‘This Is the Price We Pay to Live in This Kind of Society’

Seeing news of mass shooting after mass shooting can produce both a stress response and a cynical sense that nothing will change.

The sites of mass shootings have become instantly recognizable markers of tragedy in the geography of recent American history: There’s Columbine, Parkland, Aurora, the Pulse nightclub in Orlando, Sandy Hook, and Virginia Tech, among many others. And now there’s the Tops market in Buffalo, and Uvalde.

Each of these events has its own particulars—and many shootings, like the (at least) 14 over Memorial Day weekend, get scant individual attention—but together they form a gutting pattern. Every successive update, every push notification and TV news alert, feels entirely preventable yet sadly inevitable.

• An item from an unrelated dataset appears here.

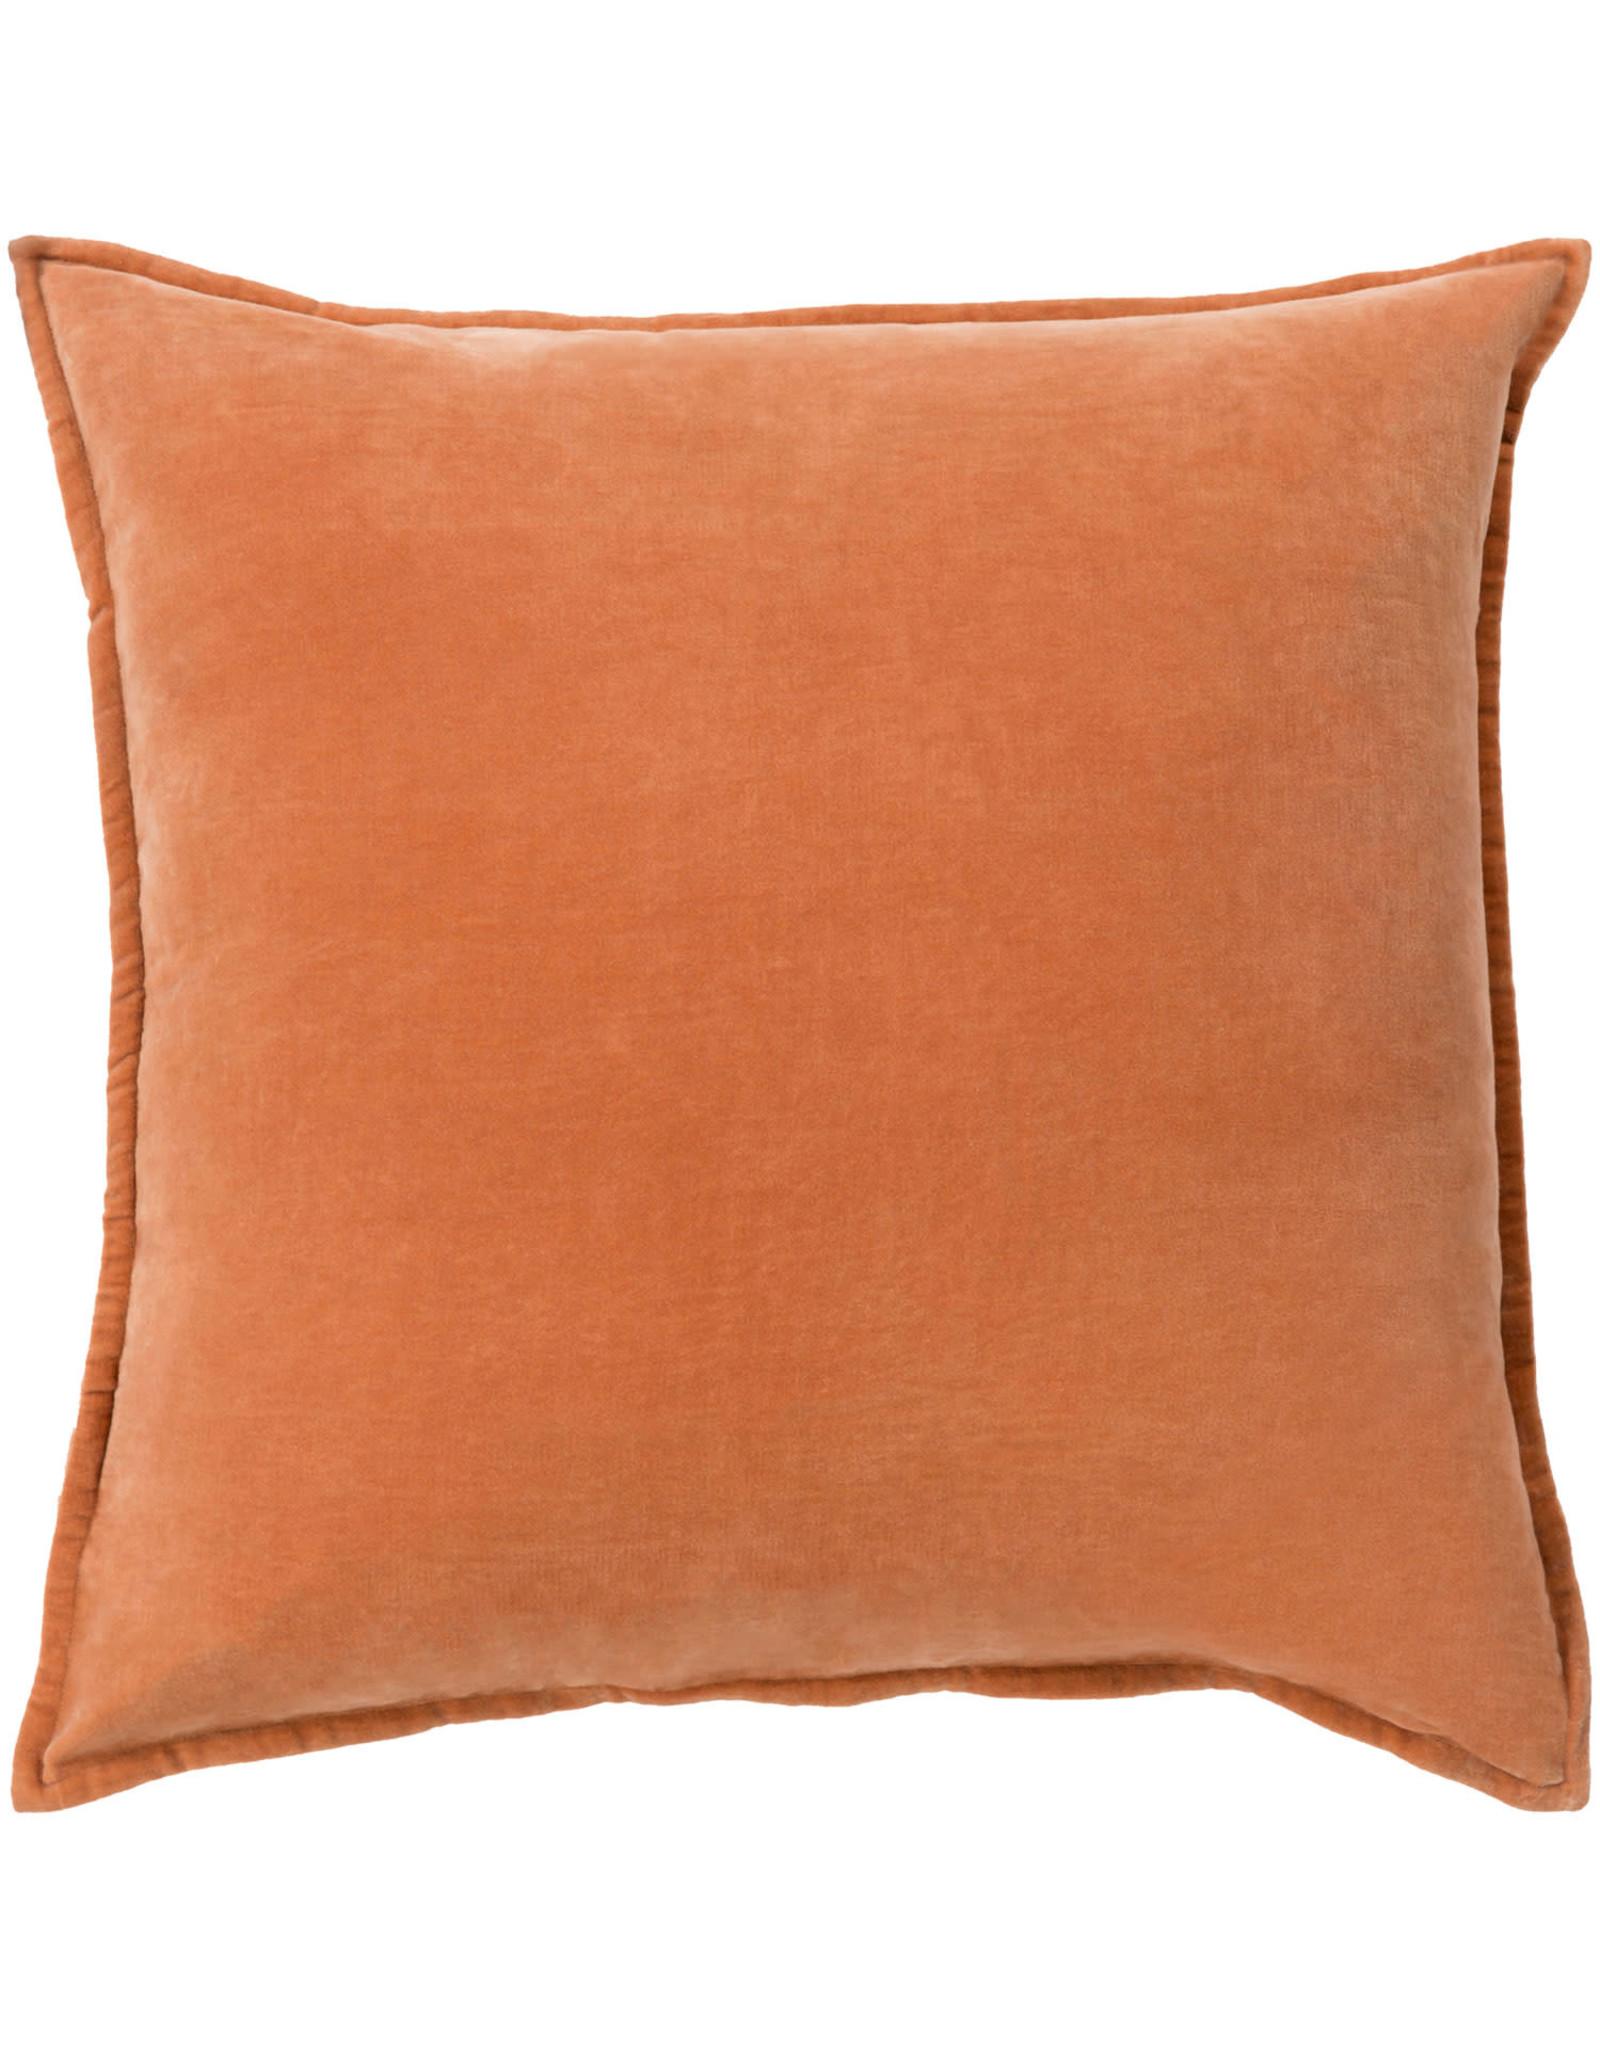 Surya Velvet Pillow 18x18 - Orange

Being exposed to news of shooting after shooting, with no apparent sign that anything will change, can produce a pair of dispiriting psychological outcomes: Each additional event seems to come with a more intense stress response, while at the same time leaving people feeling even more helpless about the prospect of ending this grim cycle.

A horrific news event is a tragedy for those it directly affects, but simply reading and watching coverage of it is associated with an uptick in symptoms of acute stress, such as intrusive thoughts about the event and avoiding reminders of it. For instance, one study published in 2014 found that the more coverage people saw of the Boston Marathon bombings, the more such symptoms they experienced. Dana Rose Garfin, an adjunct professor of nursing and public health at UC Irvine and a co-author of the study, told me that some news consumers exhibited more symptoms than even those who were present at the Boston Marathon or knew someone who was, suggesting the power of being exposed repeatedly to the news.